Come to Linux, it's all I've used since Windows 7 and it works great.
linux primary with dual boot for a windows install just because of the games that won't work.
I would like to switch to Linux on my gaming machine but me and my girlfriend play Valorant together so I can't switch just yet.
My server and laptop already run NixOS, I'm just looking forward to the day my gaming/main machine join them too
Honestly, I still don't know. My 3070 worked well on linux the last time I used it so hardware won't be an issue. I also don't play many modern games so that's not a problem either. It's just my partner is schizo with what games they wanna play. Rn they're obsessed with minecraft and bedrock doesn't work on linux. I know for sure I'm not going to 11 though. I've used it before and absolutely hated the UI layout.
First off, bedrock is cancer it's just off-brand Minecraft.
But second, there is an unofficial launcher that works on Linux
I got a new PC recently so unfortunately I am now on Windows 11. I’ve been wanting to make the swap to Linux but I can’t really make a clean break because at least some of the games I play a lot won’t work on Linux. I do think I’m gonna try to set up another hard drive with Linux on it to try to slowly start learning it and ideally move over anything that I can over there eventually and just keep the windows drive for those few games.
Does anyone have any recommendations related to that? Distro for gaming/ease of use? What’s the best option for setting up the dual boot? Anything I wouldn’t have thought of that’s relevant?

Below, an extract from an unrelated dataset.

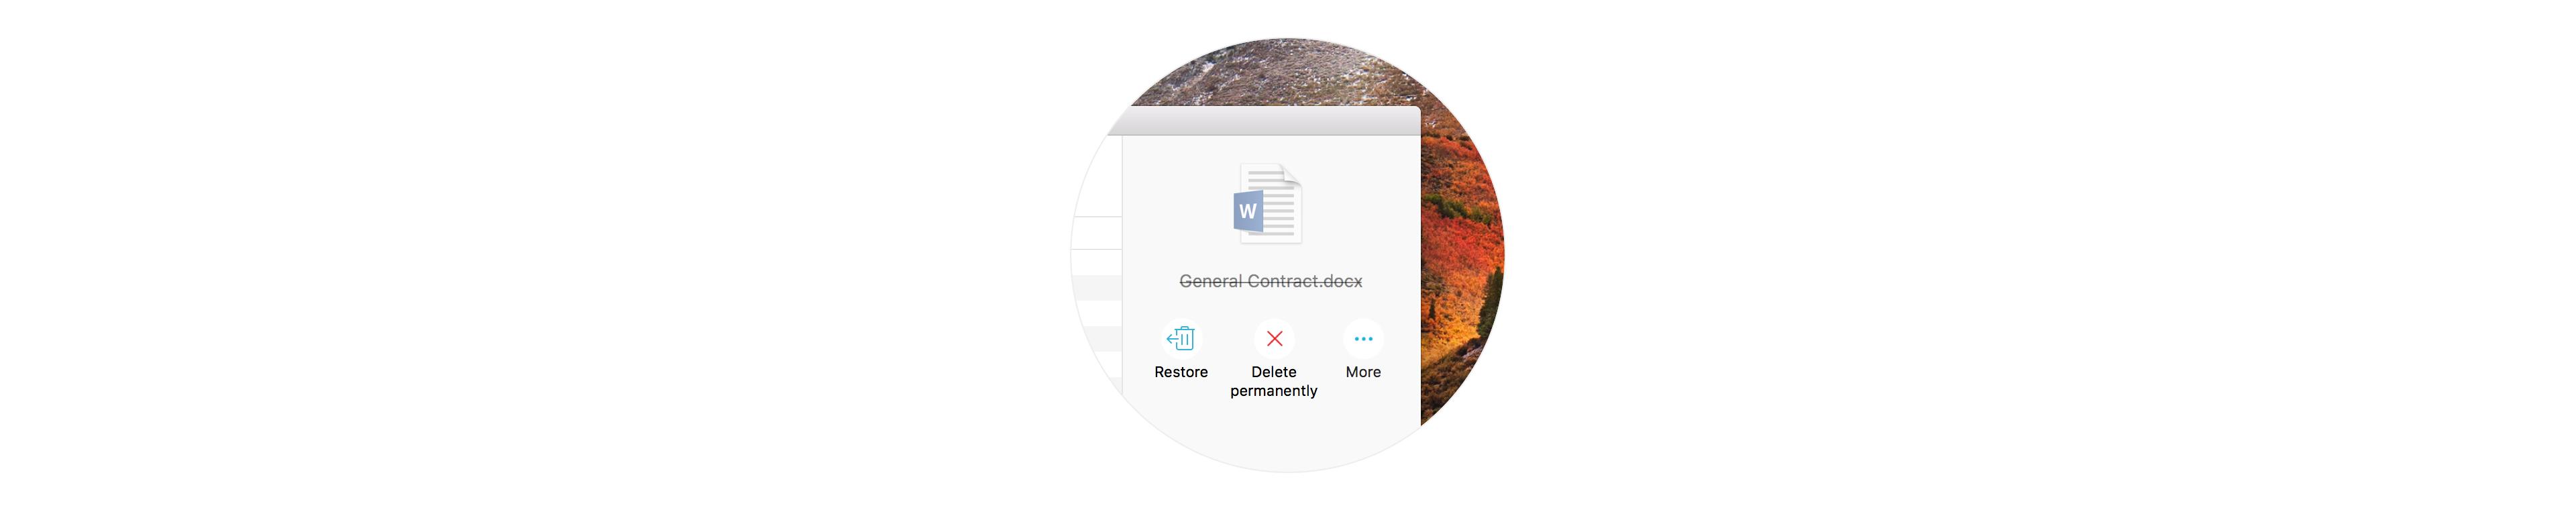 Dateiwiederherstellung: Gelöschte Dateien einfach zurückholen

When that time comes I'll probably either remove networking from, or just wipe win10 entirely.
Been using mint as my daily for a while now and I hate booting into windows 😂
I can't switch to Linux due to software requirements for work. On my personal computer I'm using Xubuntu for well over a decade, I didn't like the unity window manager of Ubuntu. I heard they changed to something else by now, but I can't be bothered to switch.
Didn't they get rid of some 11 requirements? Won't most regular people just do the upgrade to 11?
They didn't get rid of it, they're allowing you to upgrade to 11 and calling it unsupported. Just like 10 is unsupported.
I will dualboot to keep a windows 10 for software that only runs on it, but I really hope I will be able to be gaming on linux only.
If you use Windows as mere game launcher, you better have a application firewall set to whitelist Steam only anyway.